“The Psychedelic Wedding” by Angel Uriel Perales

Everybody attended, my entire family, to witness this spötterei of love, my enduring humiliation, the sad little wedding fiasco. They came far from exotic places such as Puerto Rico, and they came from closer corners of the nation such as Florida and California. Monies were spent on my behalf. Vacations rearranged. Wedding gifts bought. 

What could not be ignored was that my fiancee’s half of the church was aghast at the jibber-jabbering polyglot emanating from my side. And my side was tense and concerned at the consternation emanating from her side. The swollen week was culminating into a calamitous crescendo of clusterfuck proportions.

My friends were there as well. The happily married ones, the bitter divorcees, the laughing bachelors. I swear they were placing bets, gambling on the longevity of our commitment. An ex-girlfriend walked in late, attracting attention. She had tempted and tested my amorous resolve two weeks previous, the siren, the hussy siren, and then simply looked winded, patulous, almost dyspneal in the wake of my rejection.

The preacher was rote, the kiss of little note, and a psychedelic sheen began to transform all the colors surrounding me as I tried to keep anxious sweat from stinging my eyes. Her father openly wept, mine was thin-lipped and pale. And some crazy lyric from Crowded House got stuck in my head: …in the paper today tales of war and of waste but you turn right over to the TV page…

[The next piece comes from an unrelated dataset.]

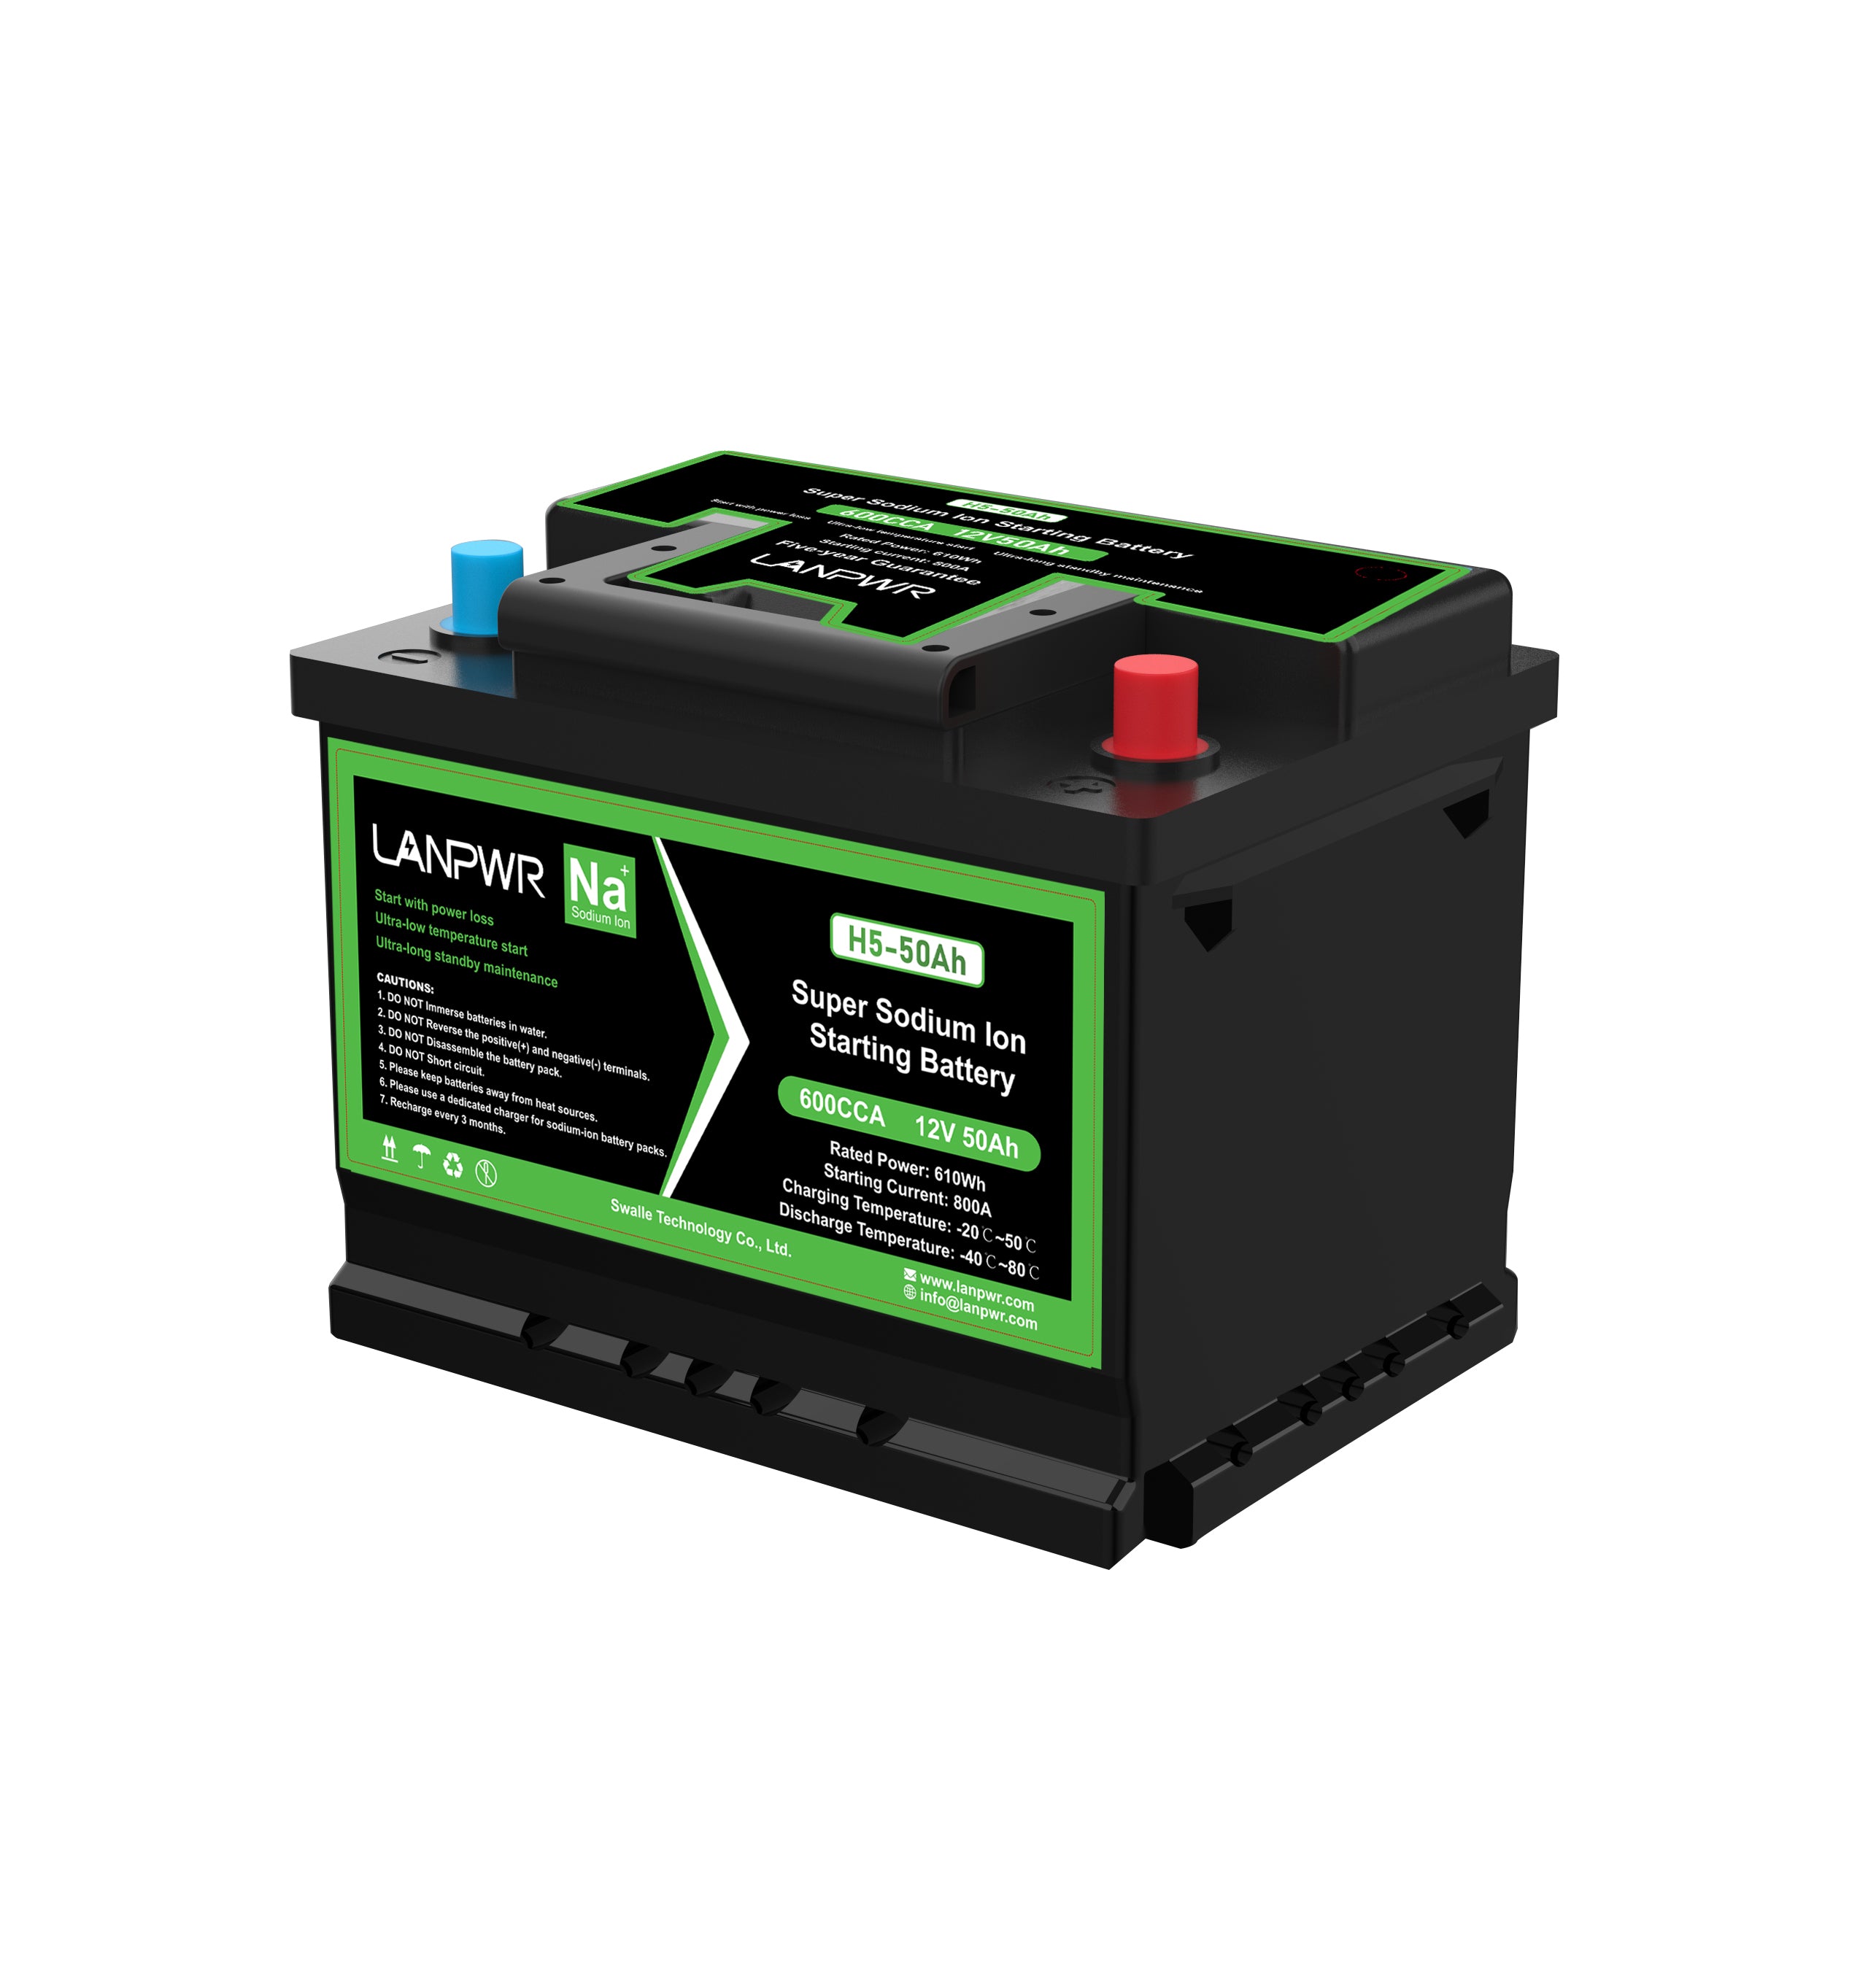 LANPWR Group-47 H5 Sodium-ion Car Battery 12V 50Ah 610Wh (CCA actual testing exceeds 700)

And I looked at my bride, looked at my bride and assured myself that I loved her more than anything in the world. I did love her unsoundly, without boundaries, away from those that still sought to define us. Some time into our courtship we had surpassed ourselves, our painted backgrounds, our inherent fears, even all our influential atmosphere, and we merged into an indescribable and frightening intimacy, panoptic, bringing me hope indefatigable. She accepted and desired me and all I could feel was inexhaustible hope. And the rest of the song fell into place in my head: …they come to build a wall between us. We know they won’t win…

But as the old adage proves true, when you marry, you marry the whole family. Shortly after returning from the honeymoon to our new house, the marriage was over. 52 days, as a matter of punctilious fact. 52 days before the house of cards crumbled. I object! Protesta! The deck was stacked. Then the deck was shuffled. Somebody marked the jokers. My joker has a curled devil’s tail and is holding his gut from laughing so hard. Her joker sits turned away with her face in her hands, a box of tissue by her side. The game was a sham, Your Honor, and we demand our loss of honor returned. Duly noted, Valentinus, and denied.